2 meter phone patch was a huge draw for me in the mid 70's. That is what lured me into the hobby. I recall our club having 2 repeaters on a broadcast tower and having to have an additional receiver on the output frequency. In those days, if someone was on your output frequency, your repeater could not come up and interfere with them thus the need for the system to monitor the output before transmitting.
I also recall one bright fellow who programmed a Commodore Pet computer to control both machines. With TouchTone pads, you could make an autopatch or play a couple of welcome tapes from broadcast cart machines. That was VERY cool back then.

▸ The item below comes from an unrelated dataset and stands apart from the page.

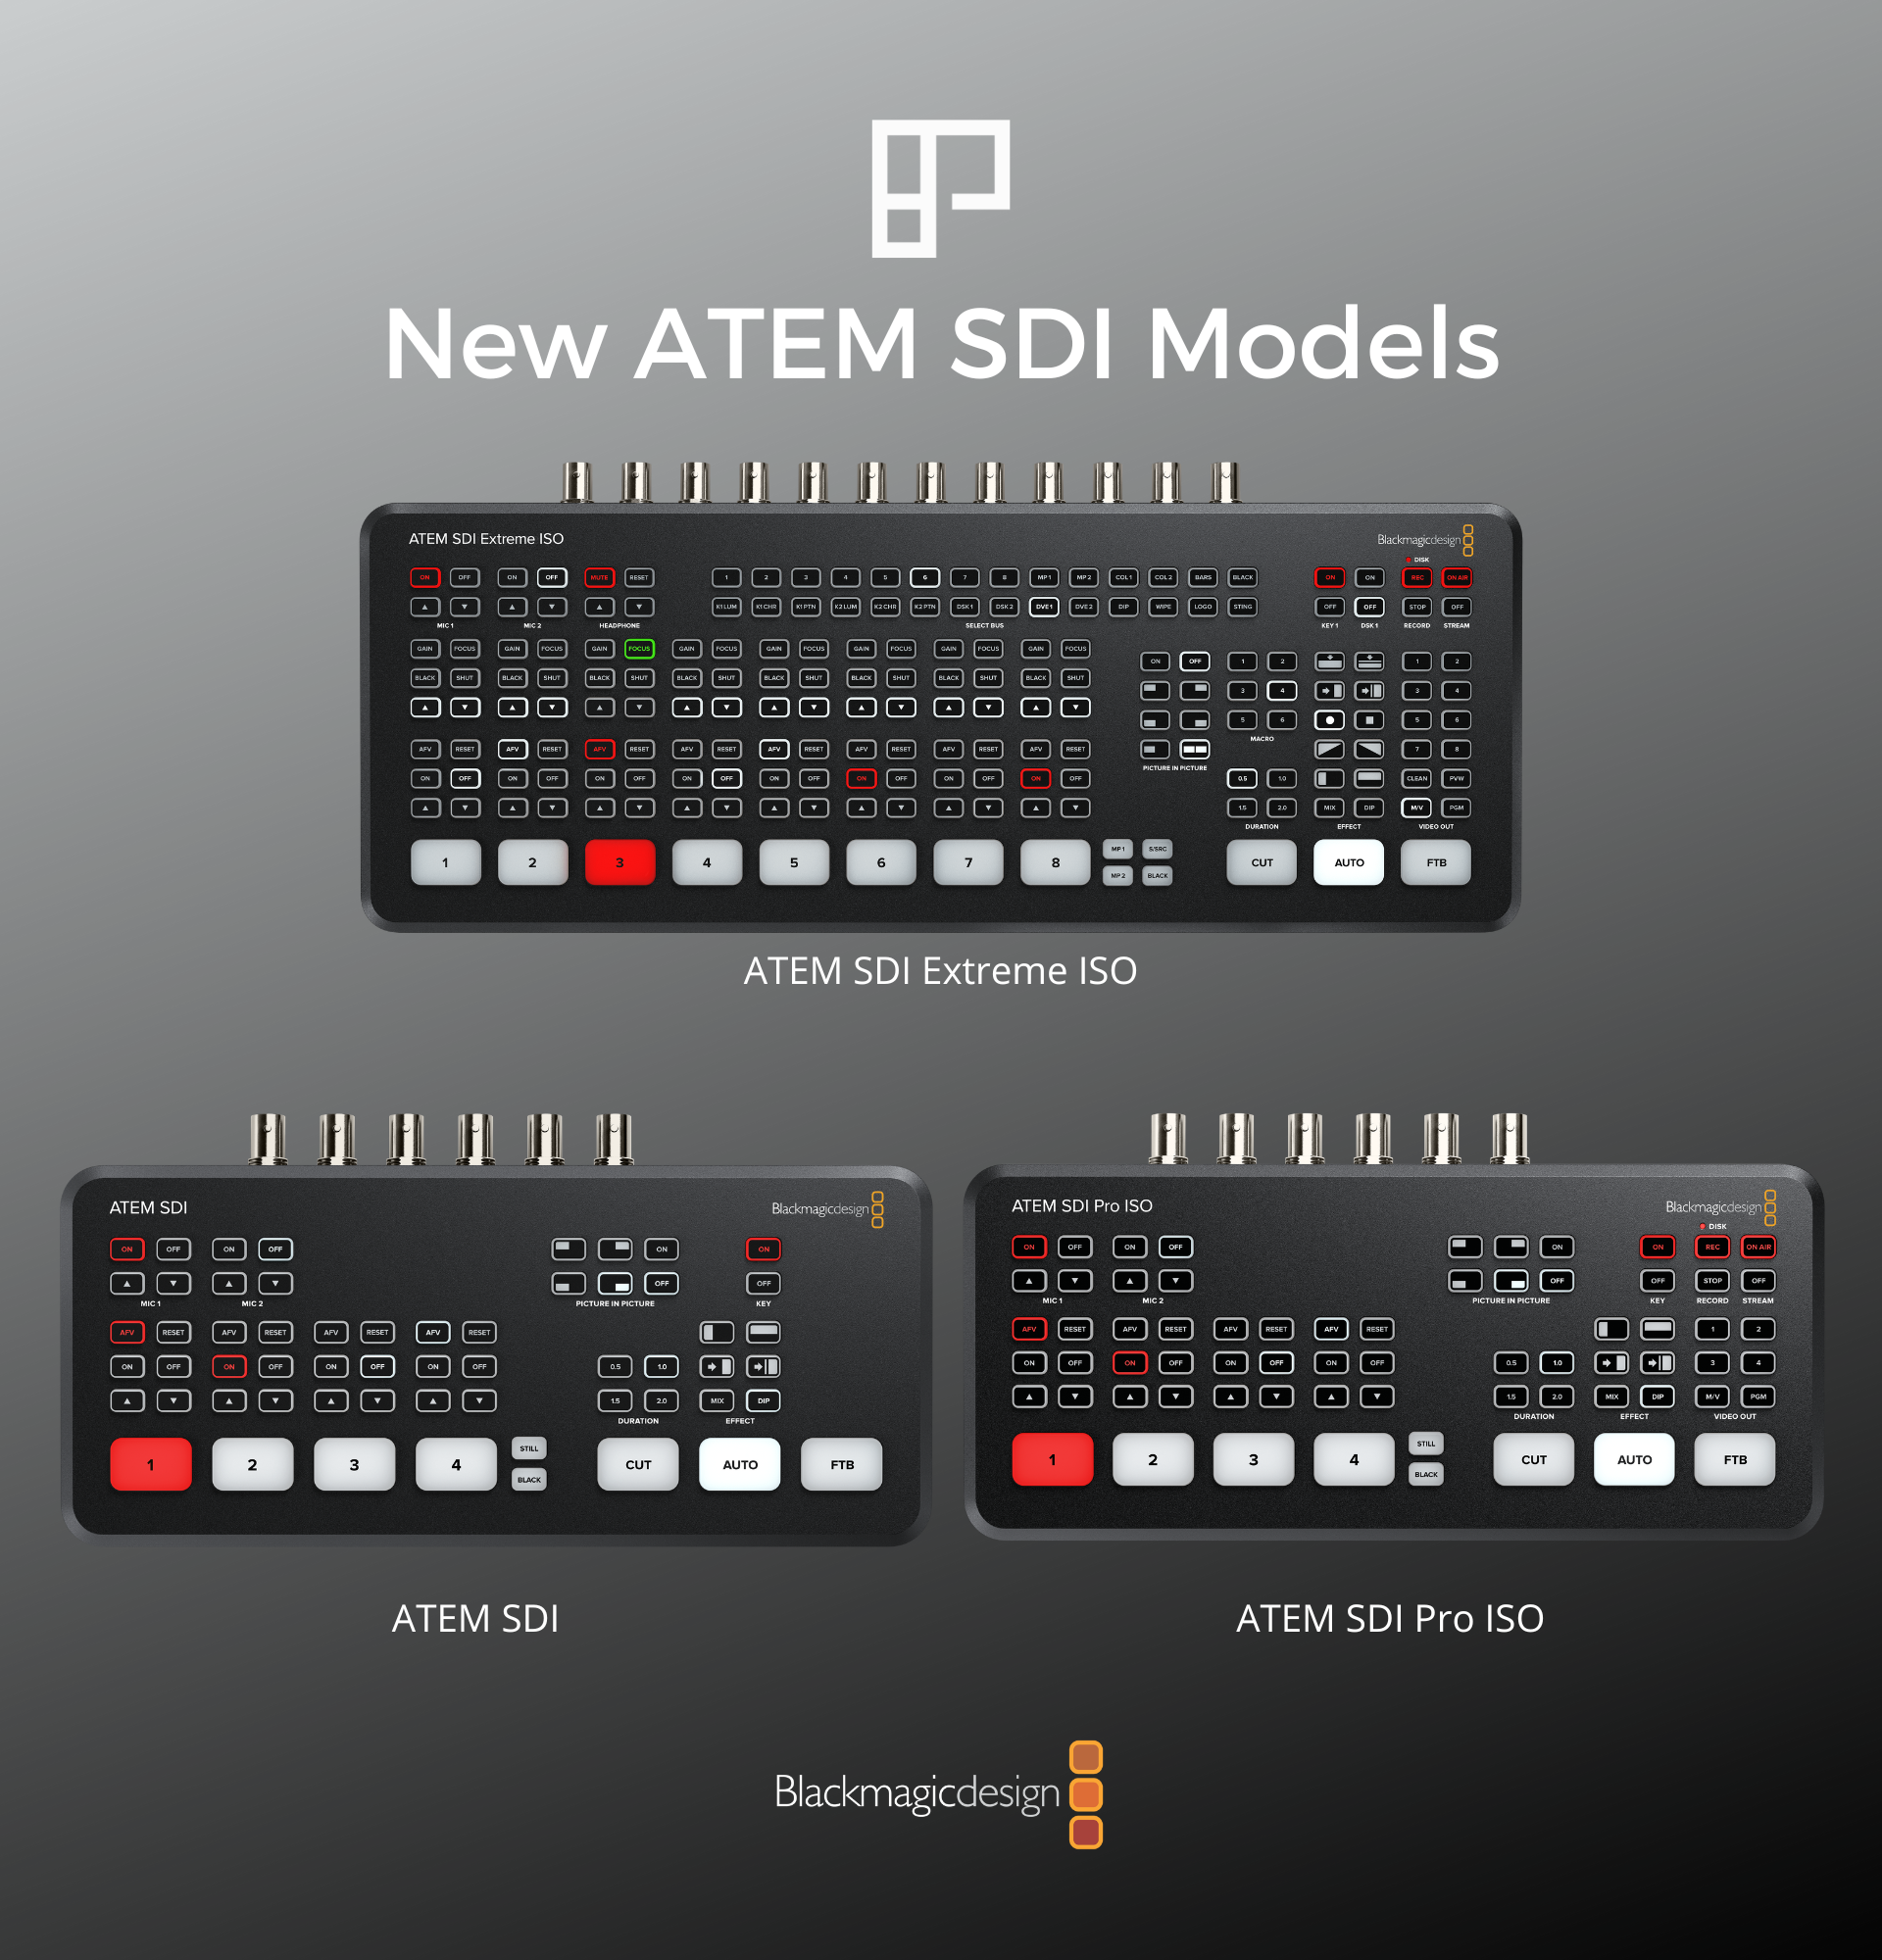 New ATEM SDI Models

The same guy, Jack, KB4B, helped me start a repeater using his BASIC code modified for my one machine and his schematic for the computer-to-repeater interface. He even threw in most of the parts and charged nothing for any of it. I added some additional features like being able to tone up NASA Select audio so that we could listen to the space shuttle via my backyard C-band dish and I also made use of one of the "voices" in the computer to generate the CW id. The machine consisted of 2 Icom 22-S transceivers, some VHF Engineering 220mhz gear and a couple of yagis (to link the split sites), 2 Hustler G6 antennae and a Commodore 64. Audio mixing was accomplished with an old Radio Shack stereo audio mixer, left channel for audio to the repeater, right channel for audio to the phone line. Some simple EQ on each input allowed me to have very nice audio unlike some other linked repeaters that sounded "tinny." The whole machine was as ugly as a mud fence but worked beautifully.
A marine deep cycle battery on constant charge ran a voltage inverter which, in turn, powered the station and provided continuous operation when AC power failed. Not the most efficient power chain but it never failed once in the many years the repeater was on the air.